Now we can replace the missing value in the original data by imputed value from the Imputation dataframe.
df2=df
df2$Shape[is.na(df2$Shape)]=imputationDF$Shape[is.na(imputationDF$CheckShape)]
df2$Age[is.na(df2$Age)]=imputationDF$Age[is.na(imputationDF$CheckAge)]
df2$BIRAD[is.na(df2$BIRAD)]=imputationDF$BIRAD[is.na(imputationDF$CheckBIRAD)]
df2$Margin[is.na(df2$Margin)]=imputationDF$Margin[is.na(imputationDF$CheckMargin)]
df2$Density[is.na(df2$Density)]=imputationDF$Density[is.na(imputationDF$CheckDensity)]
df2%>%bar_missing()
mycolors=c("#f32440","#ffd700","#faa014","#c9e101","#c100e6")

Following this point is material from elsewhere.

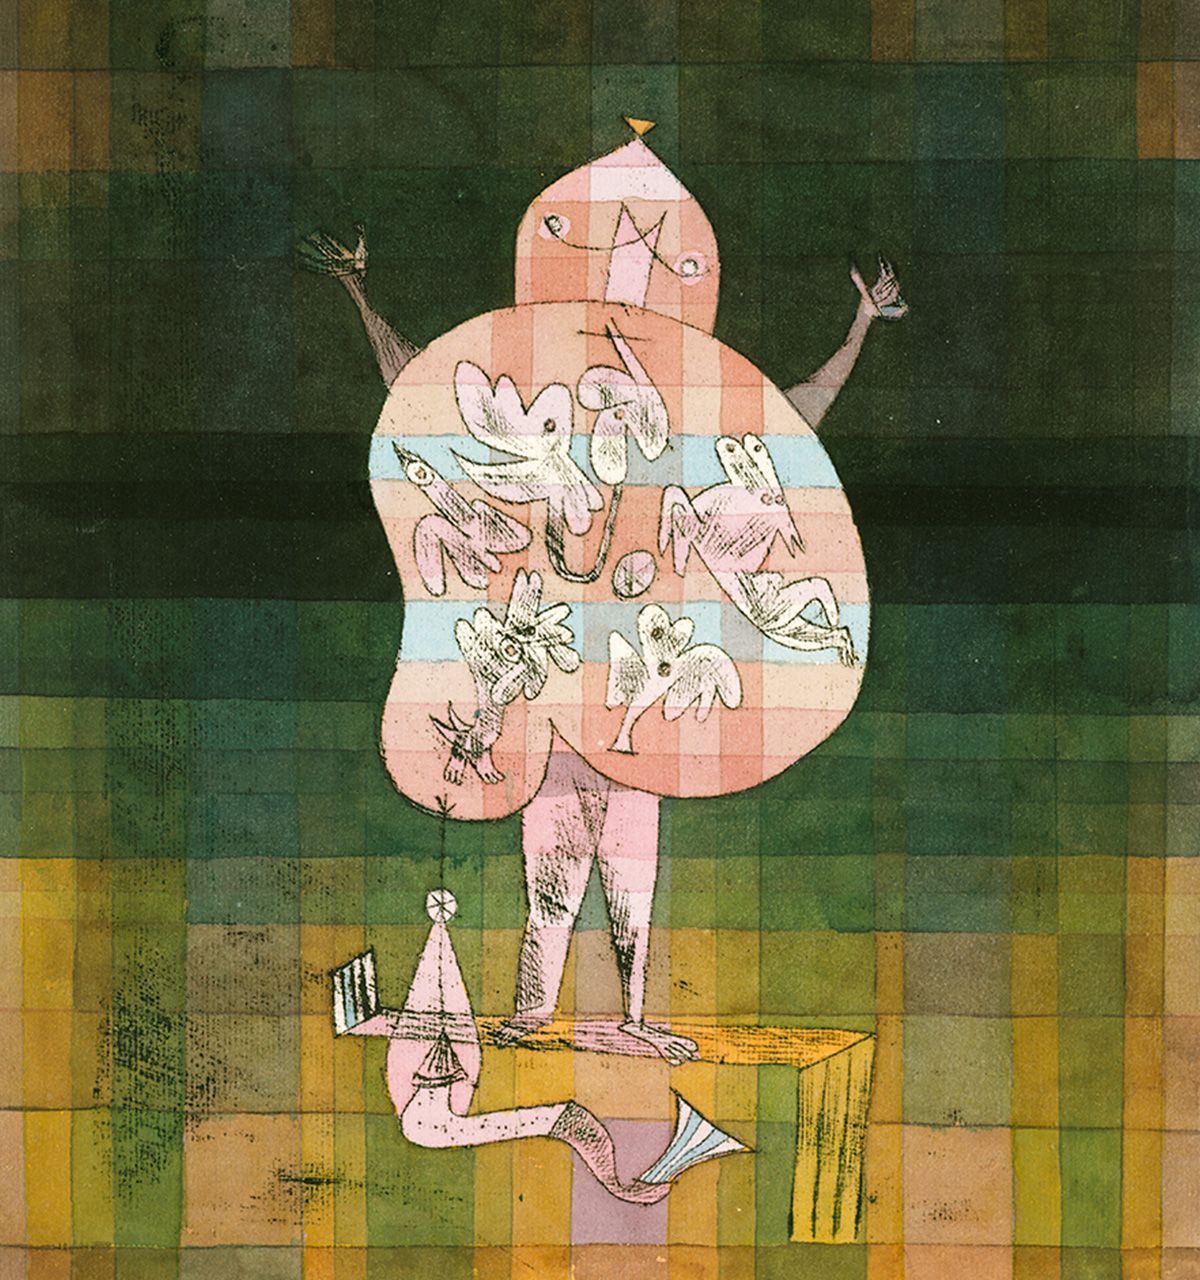 Humor and Fantasy—The Berggruen Paul Klee Collection | The Metropolitan

df2%>%ggplot(aes(x=Severity,fill=Shape))+geom_bar(position="fill",color="black",alpha=0.7)+scale_fill_manual(values=mycolors)+coord_flip()+ggtitle("Shape")
df2%>%ggplot(aes(x=Severity,fill=Margin))+geom_bar(position="fill",color="black",alpha=0.7)+scale_fill_manual(values=mycolors)+coord_flip()+ggtitle("Margin")
df2%>%ggplot(aes(x=Severity,fill=Density))+geom_bar(position="fill",color="black",alpha=0.7)+scale_fill_manual(values=mycolors)+coord_flip()+ggtitle("Density")
df2%>%ggplot(aes(fill=Severity,x=Severity,y=Age))+geom_boxplot(alpha=0.7)+scale_fill_manual(values=c("#02afdb","#ce002c"))+coord_flip()+ggtitle("Age")
df2%>%ggplot(aes(fill=Severity,x=as.factor(BIRAD),y=..count..))+geom_bar(alpha=0.7)+scale_fill_manual(values=c("#02afdb","#ce002c"))+coord_flip()+ggtitle("BIRAD")
Conclusion
Through this tutorial, we have tried to perform a difficult imputation on Multiclass categorical and numerical data, using multiple Random Forest models. The idea is to consider imputation as classification or regression problems and attemp to solve these problems by machine learning techniques. Random Forest could be used as a tool for imputation, particularly when we confront the multilevel categorical variables. The imputation’s accuracy could only be expected by evaluating the model’s performance on the available data. Based on those results, we can see that Random Forest based solution works best on Categorical variables. Other regression learner should be considered for imputation of numerical variables.
Thank you for joining us and see you soon in the next tutorial.